Generally speaking I feel like I'm handling pandemic life with some sense of decorum. Unlike many, I get dressed every day. I try to be somewhat productive and don't binge watch Netflix. I do take walks. I can mostly handle living within the new boundaries imposed by Covid-19.

The hard part of managing life during a pandemic is that I still have the problems I had before this began - they didn't miraculously disappear. The injustice of this fact stings me daily. Our ordinary, everyday, preexisting challenges are still ongoing, and as unfair as it is, new problems still arise and tragedies still occur that further complicate my pandemic angst. Life goes on - the good, the bad, and the ugly.

I miss the good things that are presently denied, but I find myself more appreciative than ever for those I still have access to - sunshine and blue skies, a good meal, an amusing conversation or heartfelt chat with a friend, a good belly laugh, or a hug from one of the two people I'm allowed to hug.

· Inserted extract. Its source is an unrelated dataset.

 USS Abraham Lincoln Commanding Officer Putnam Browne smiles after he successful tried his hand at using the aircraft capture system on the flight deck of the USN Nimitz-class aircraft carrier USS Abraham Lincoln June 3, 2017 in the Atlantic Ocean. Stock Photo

As for the bad and the ugly - they hit me with a wallop that leaves me reeling. Far too often I am besieged by a sense of powerlessness. I can't rush to anyone's aid, and I can't easily escape my frustrations in any sense of the word.  At times it feels like multiple problems laugh at the idea of socially distancing from each other, and instead link hands defiantly, daring me to take a run at them all at once. The "problems of real life" vs. Sharon, spurring me into reaction in an Olympic class game that challenges my mental strength -

"Red rover, red rover - we call Sharon over!"

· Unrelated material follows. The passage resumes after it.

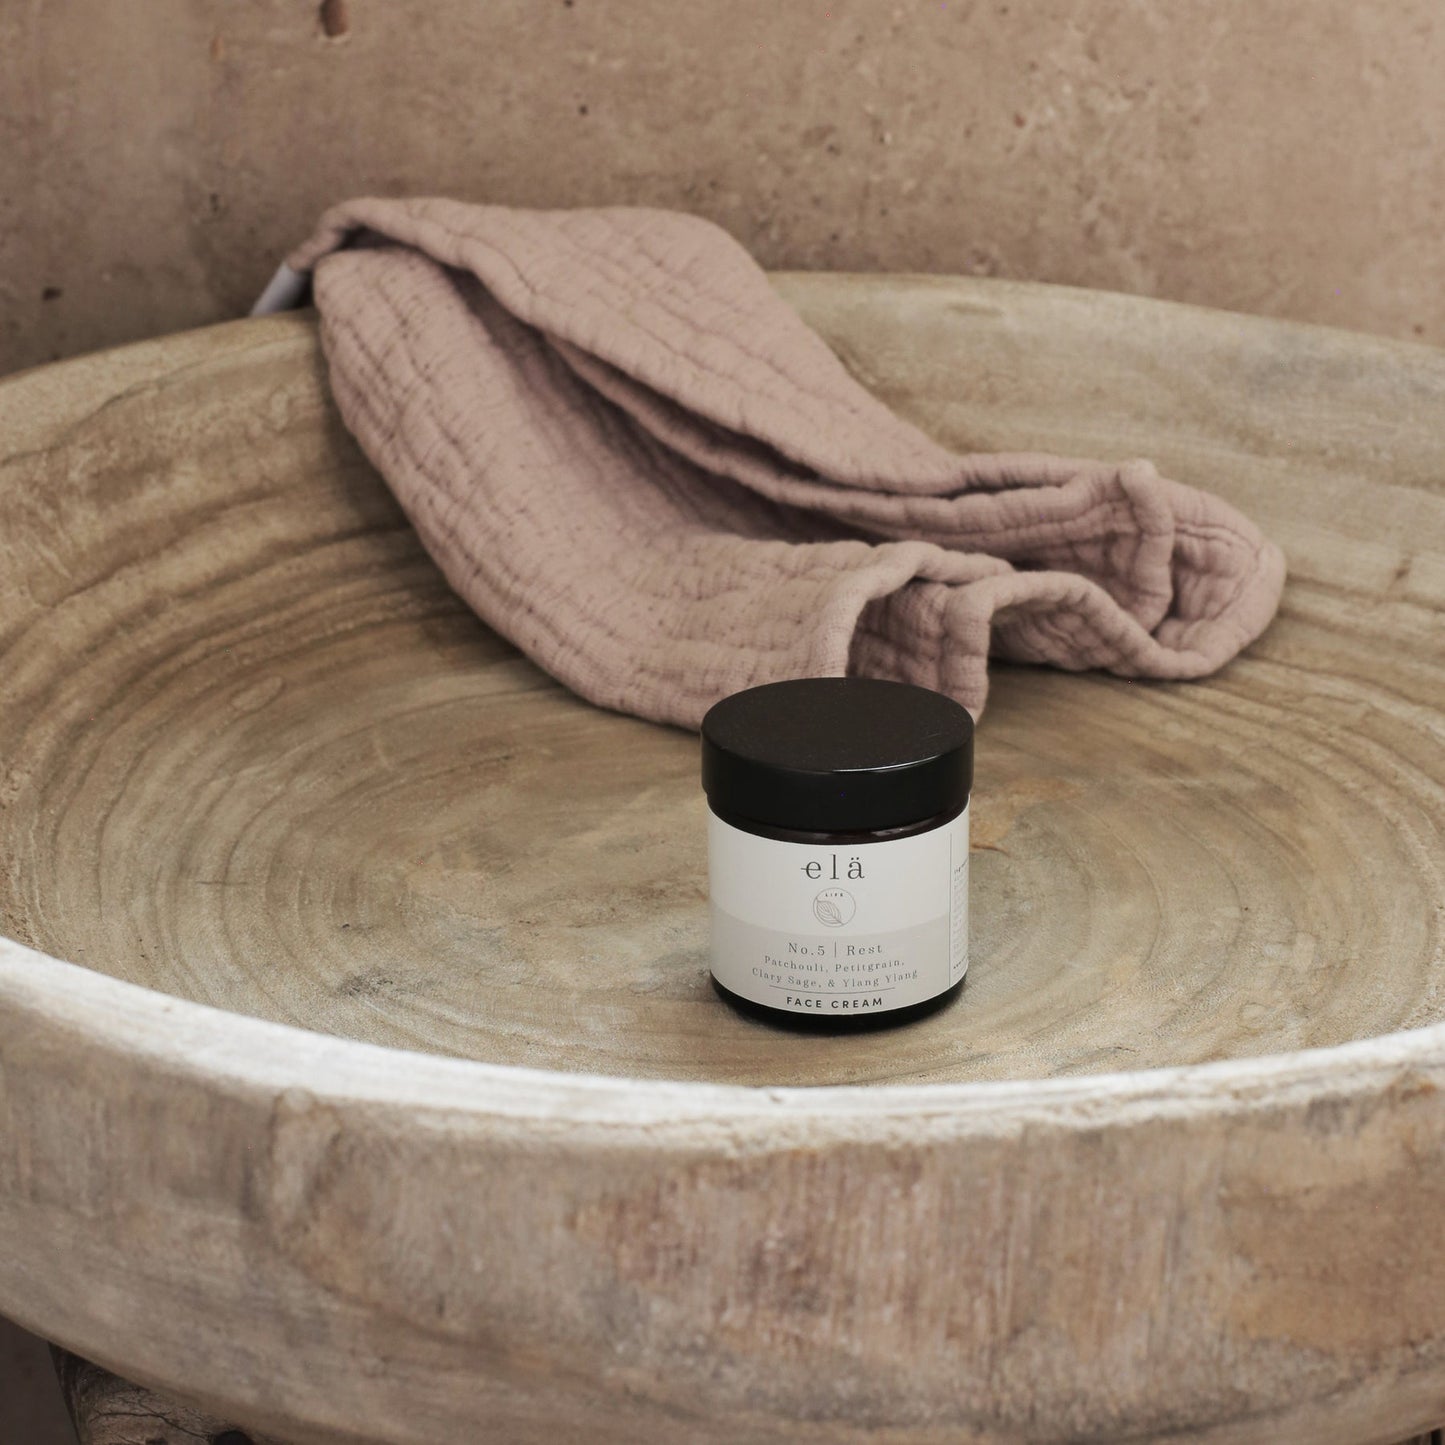 Elä Life deeply moisturising and rehydrating Rest No 5 face cream is made from natural ingredients and their Rest blend of Clary Sage, Ylang Ylang, Petitgrain and Patchouli 100% Essential Oils.

Yeah world - thanks - I needed that. (Not.)

We are all in the same boat, and I can't speak for the rest of you, but I'm just trying to stay afloat. You can be as stalwart as you like, and blink away whatever tears threaten to roll down your cheeks, but I'm giving myself permission to cry. Vulnerability is its own form of strength. It takes courage to admit to sometimes feeling momentarily defeated. I'm giving myself permission to feel. It's not always going to be pretty, but that's okay. We all have a lot of emotion to purge, and we need to find healthy ways to do that.

Purge - By Sharon Flood Kasenberg

Purge yourself of all the fear you feel.
Let it out with every breath you hold.
Give your inner angst a form that's real -
let your screams be loud; your tears be bold.
Unlock deepest chasms of your mind
and purge the negativity therein.
Replace the darkness with some thoughts more kind -
reset your hollow core; anew begin.

Find positive ways to help you purge your negative emotions. I'm pouring my heart into poetry tossing darts like my life depends on hitting high triples and bullseyes. I'm talking to friends as often as I can, baking with a vengeance...I'm doing my best to cope with all of the problems life has the gall to serve up in spite of a pandemic! So are you.

Let it out - cry. Scream if you need to. Then breathe, pause, and reset. This isn't over yet. Life can feel overwhelming at the best of times, and getting through a pandemic intact requires collective effort.